You can run the entire pipeline (Simulated Annealing, SVG creation, State-level summaries, and ZCTA assignment CSV creation) by passing the target population deviation tolerance (as a float) to the unified pipeline script:

```bash
# Run with the default 8% population deviation constraint
uv run python data_crunching/social_redistrict_pipeline.py 0.08

# Run with a stricter 5% population deviation constraint
uv run python data_crunching/social_redistrict_pipeline.py 0.05

# Run with a relaxed 10% population deviation constraint
uv run python data_crunching/social_redistrict_pipeline.py 0.10
```

### What the Pipeline Does:
1. **Optimizes Districts**: Performs Simulated Annealing using MGGG GerryChain ReCom proposals. The objective function optimizes for the *raw number of social ties* rather than relative connectedness. We renormalize the edge weights by multiplying the relative SCI values by the populations of both connected ZCTAs:
   $$W(e_{ij}) = SCI_{ij} \times Pop_i \times Pop_j$$
   Missing same-state pairs default to 0.0 (no imputation of 1.0).

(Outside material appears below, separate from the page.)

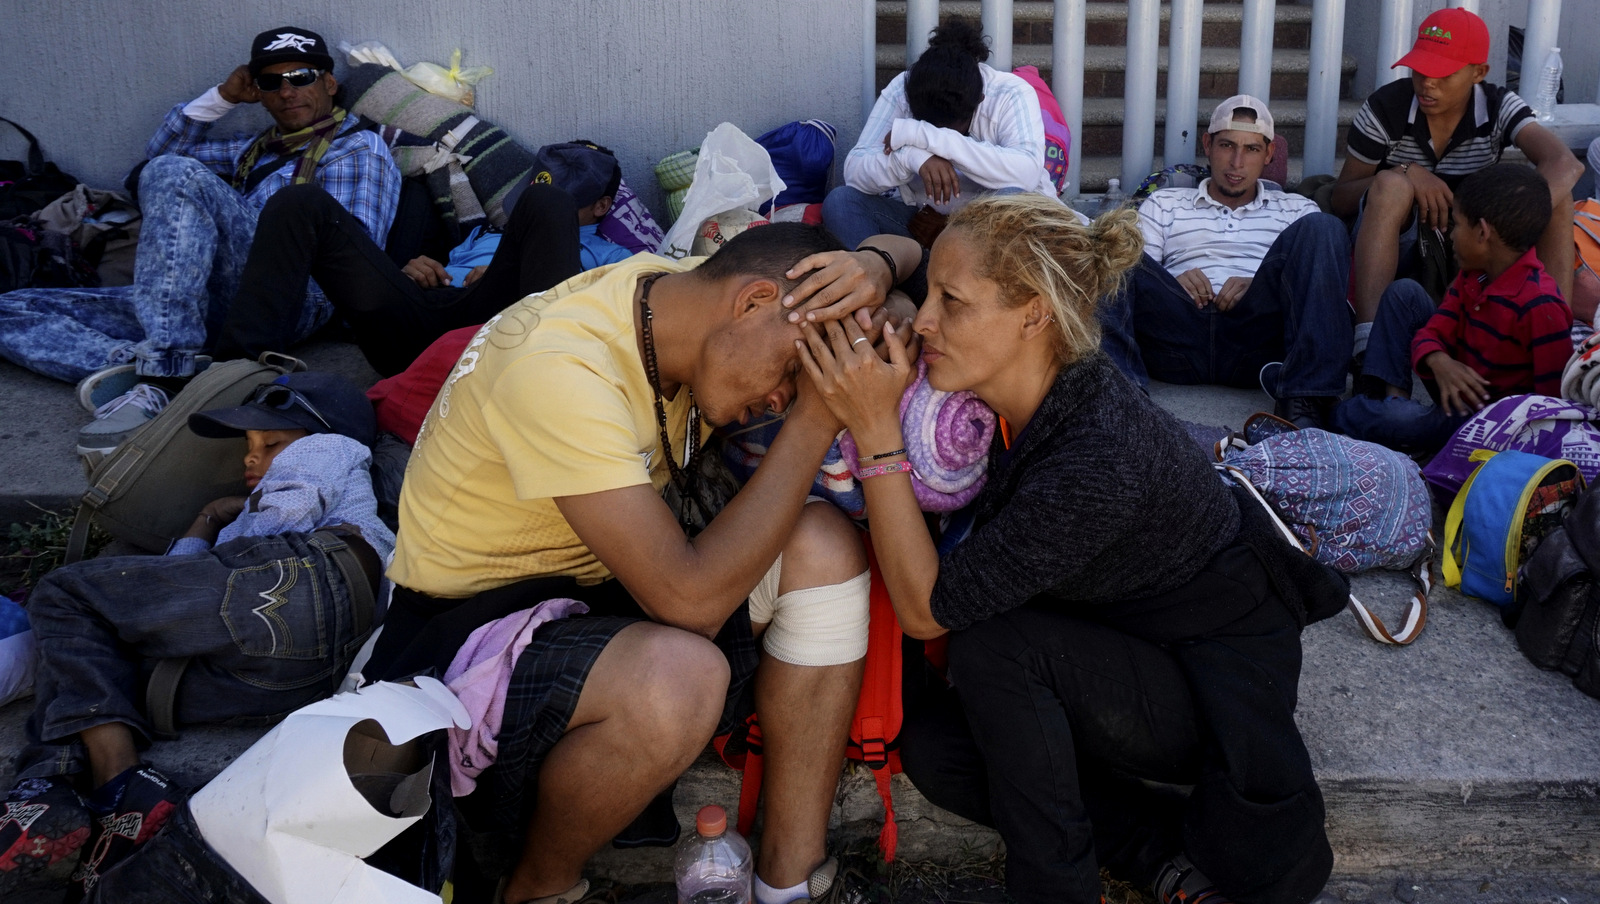 Central American migrants who attended the annual Migrants Stations of the Cross caravan for migrants' rights, rest at a shelter in Tlaquepaque, Jalisco state, Mexico, April 18, 2018. The remnants of the migrant caravan that drew the ire of President Donald Trump were continuing their journey north through Mexico toward the U.S. border. (AP/Refugio Ruiz)
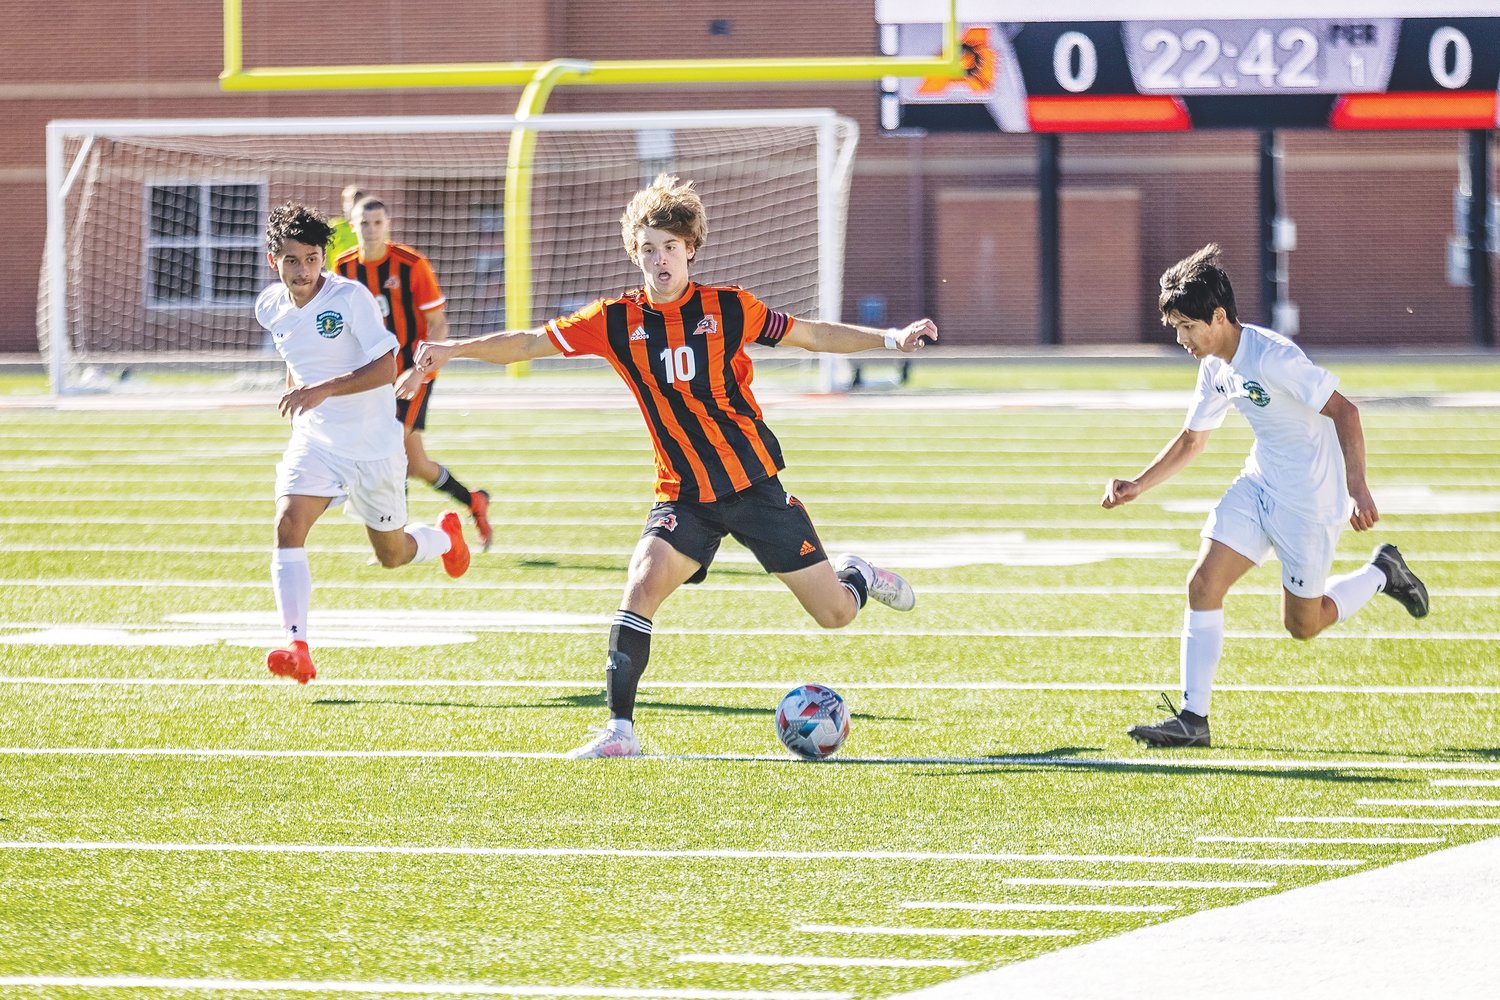 Clay Murador returned from an injury to score two goals against Benbrook.

Spanning tree edge weights are biased as `1 / (1 + log(max(W, 1.0)))` to keep highly connected friendship groups in the same district, while temperature cooling guides population deviations strictly inside the target constraint.
2. **Dissolves Shapefiles**: Converts the optimized ZCTA-level assignments into consolidated district geometries, running a hole-plugging GIS routine to fill in gaps and shorelines.
3. **Generates SVGs**: Compiles simplified vector paths of both the baseline actual and optimal districts for every state, caching them into `website/state_svgs_[Dev].json`.
4. **Calculates Summaries**: Computes total within-state social connection flow, baseline cuts, optimal cuts, and social ties survival rates, outputting Markdown and CSV summary tables in the workspace.
5. **Exports Assignments CSV**: Compiles the final ZCTA-to-district assignments table for public download (`website/zcta_district_assignments.csv`).